>>>>
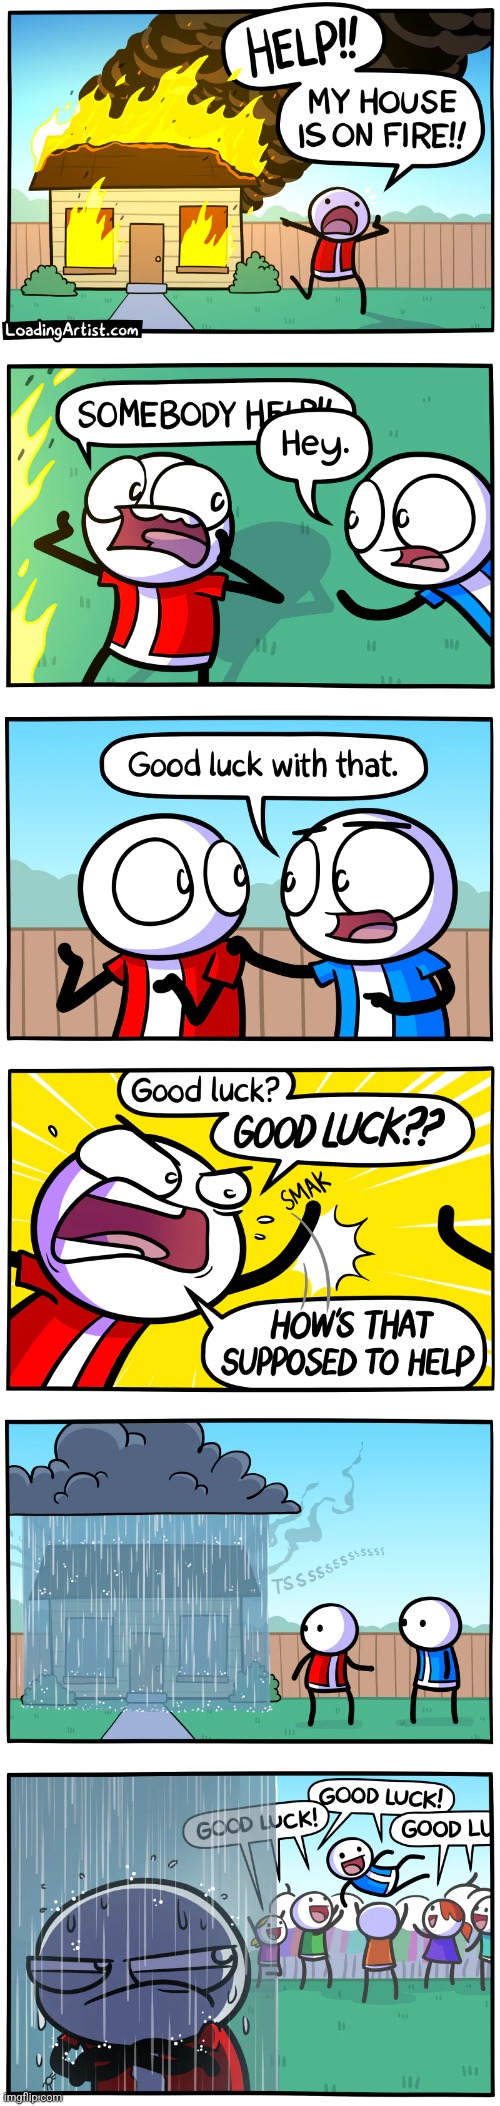 Lucky | image tagged in lucky,good luck,comics,loading artist,fire | made w/ Imgflip meme maker
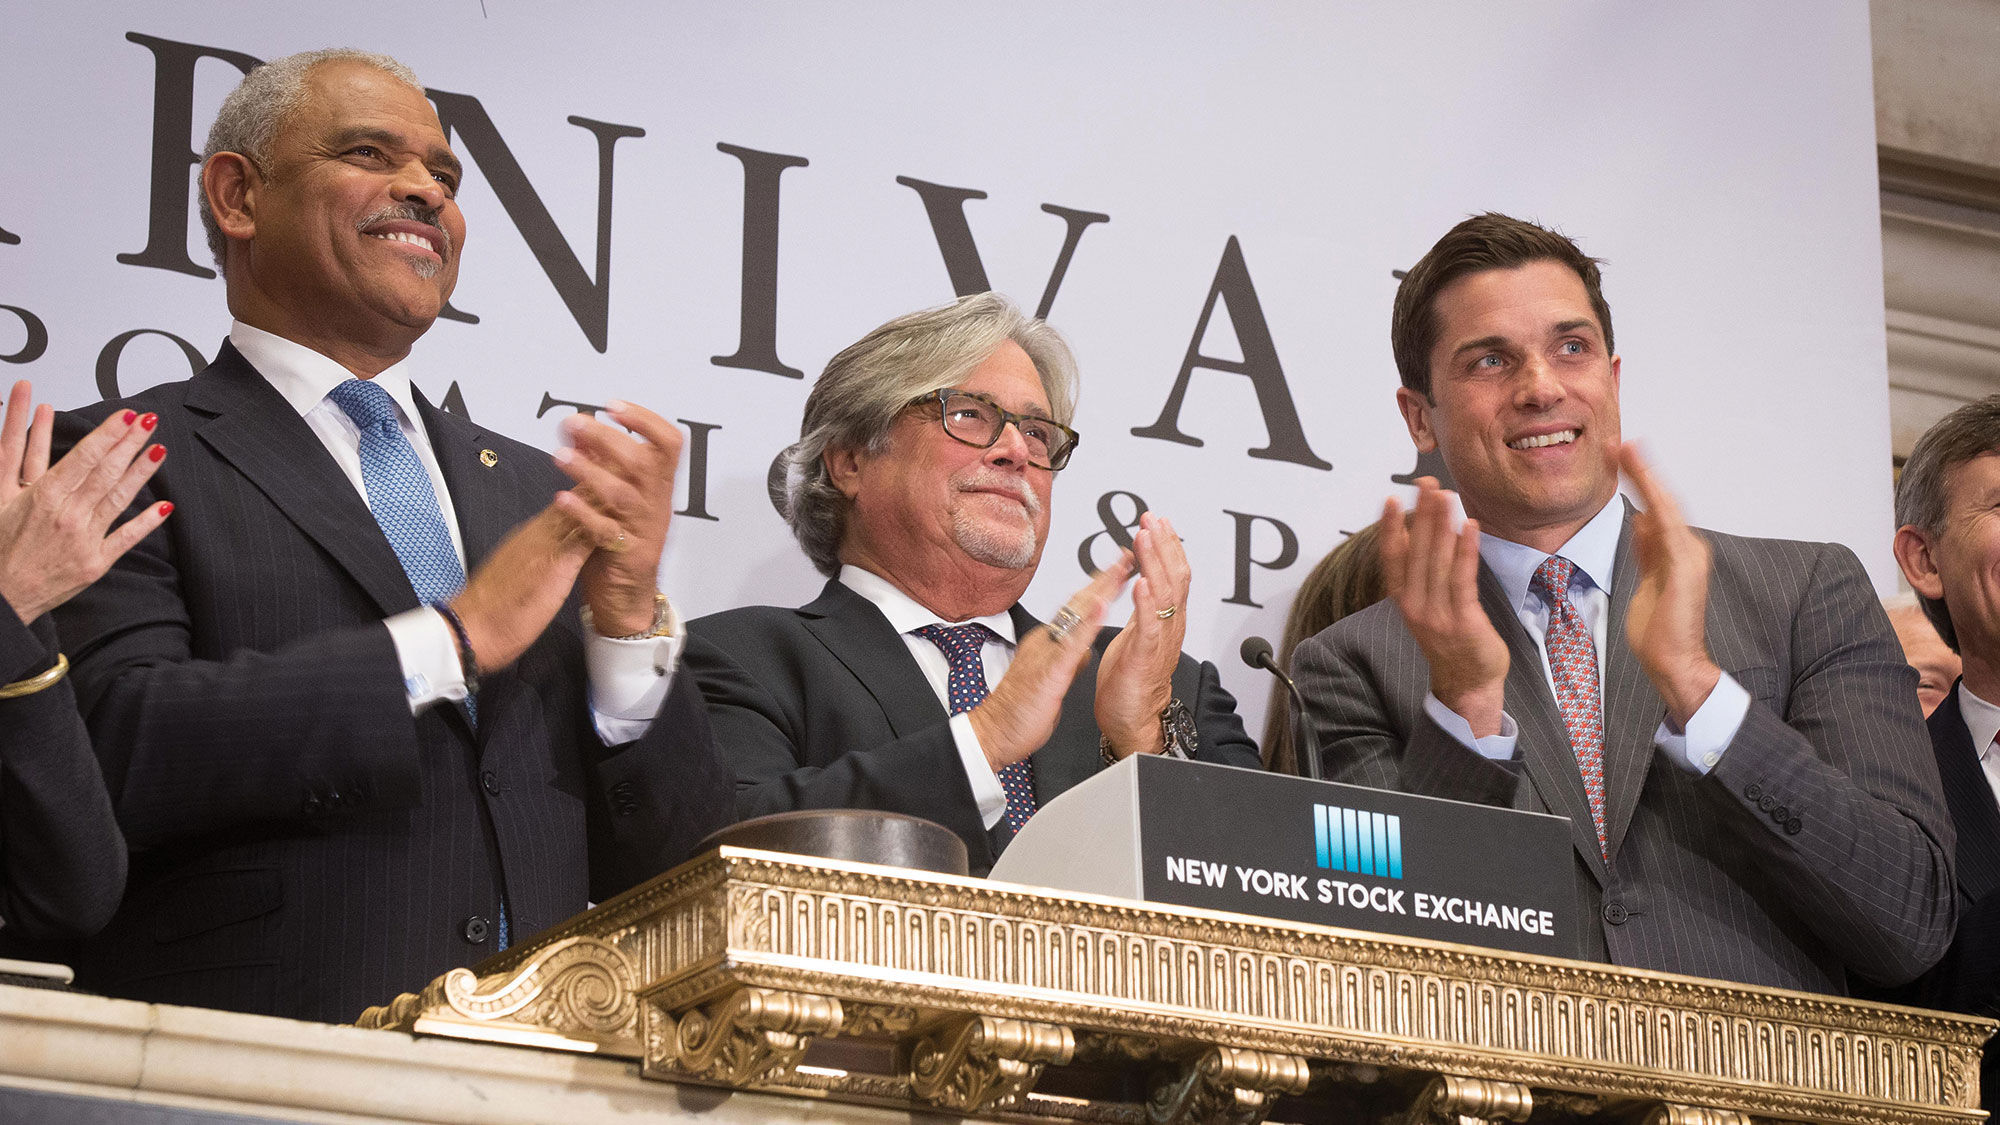 Arnold Donald and Micky Arison (center) at the New York Stock Exchange in 2016.
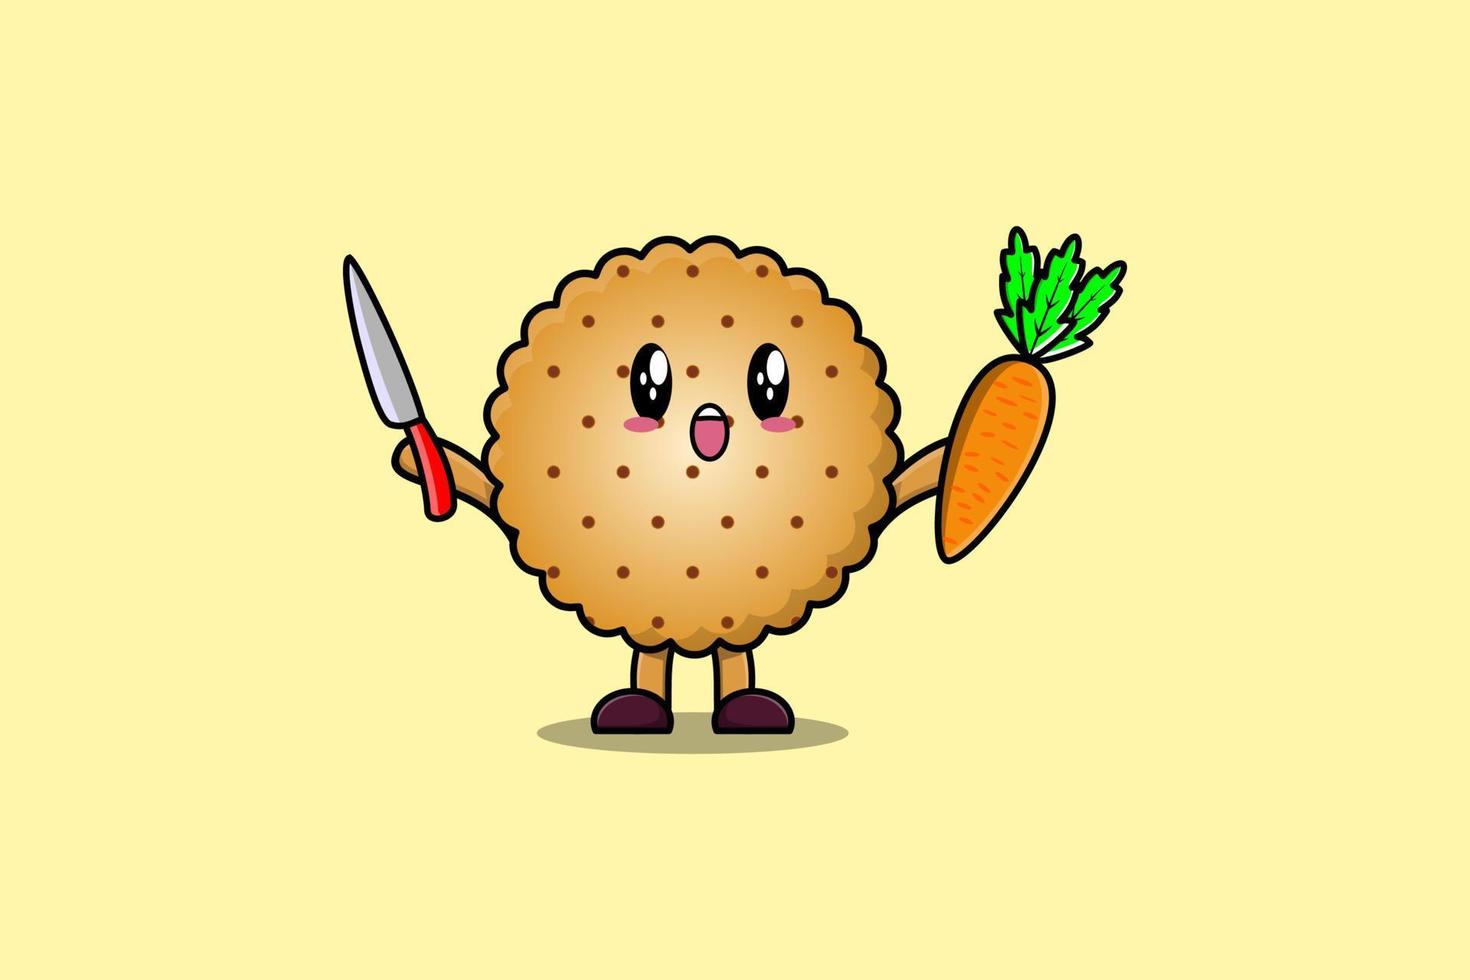 cartoon Cookies character holding knife and carrot vector
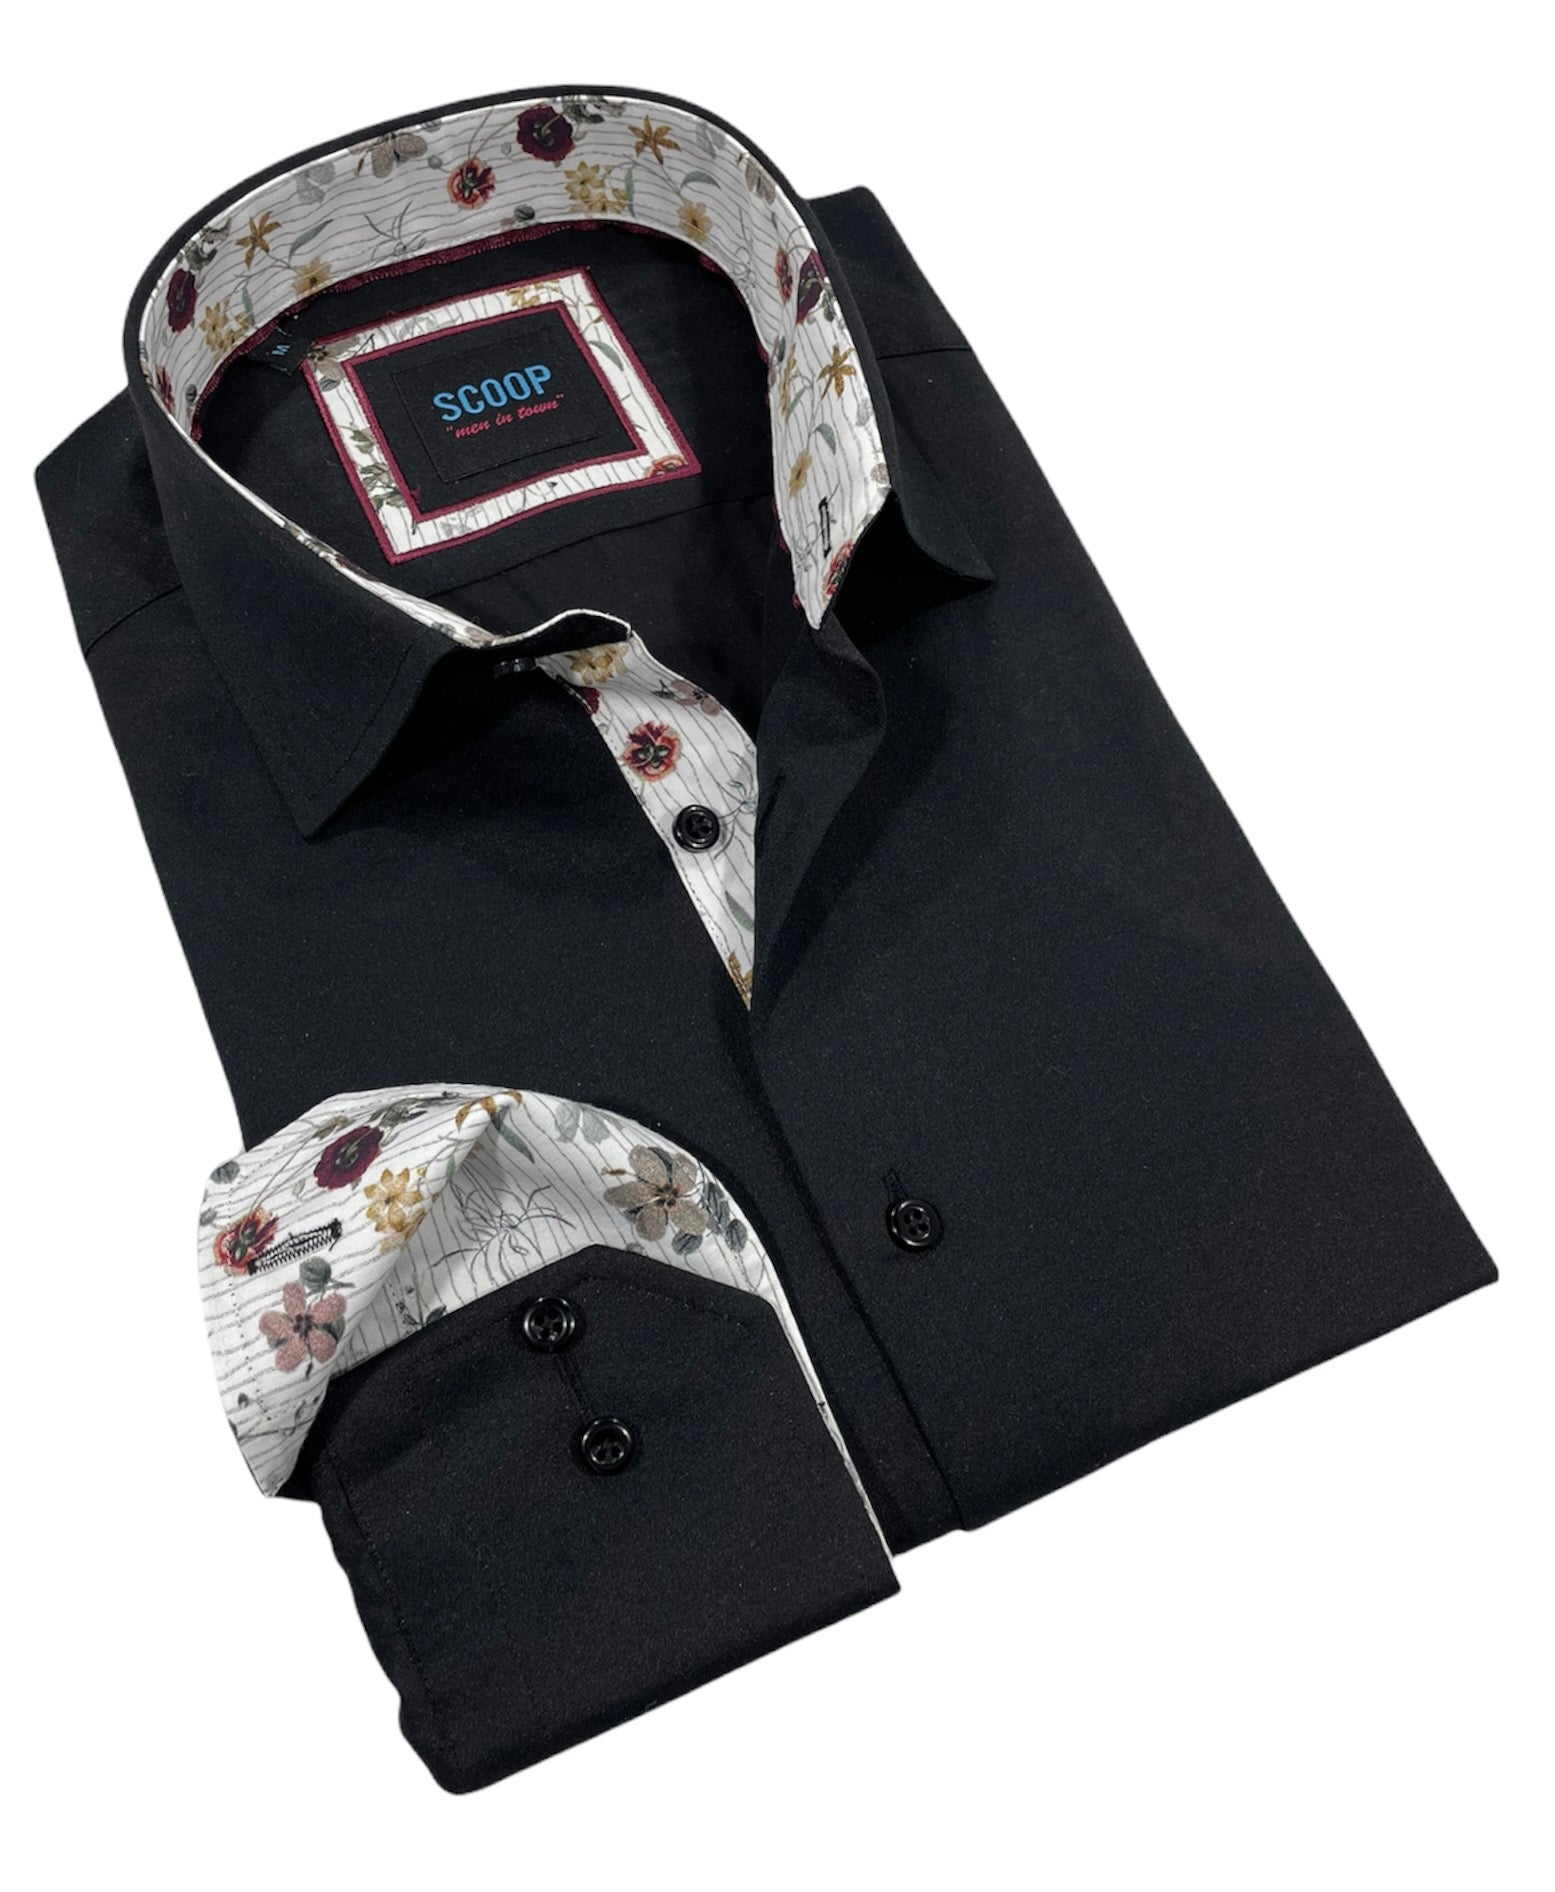 This convertible black dress shirt from Scoop is as versatile as a men's top can get. Buttoned up with a tie, this shirt becomes an essential, plain black dress shirt that can be worn with a slim black or grey suit.
<<<<
What to do: All of the material above is to be copied exactly, except for its images.

Answer for the task:
 Lucky | image tagged in lucky,good luck,comics,loading artist,fire | made w/ Imgflip meme maker
 Arnold Donald and Micky Arison (center) at the New York Stock Exchange in 2016.
 cartoon Cookies character holding knife and carrot vector
 This convertible black dress shirt from Scoop is as versatile as a men's top can get. Buttoned up with a tie, this shirt becomes an essential, plain black dress shirt that can be worn with a slim black or grey suit.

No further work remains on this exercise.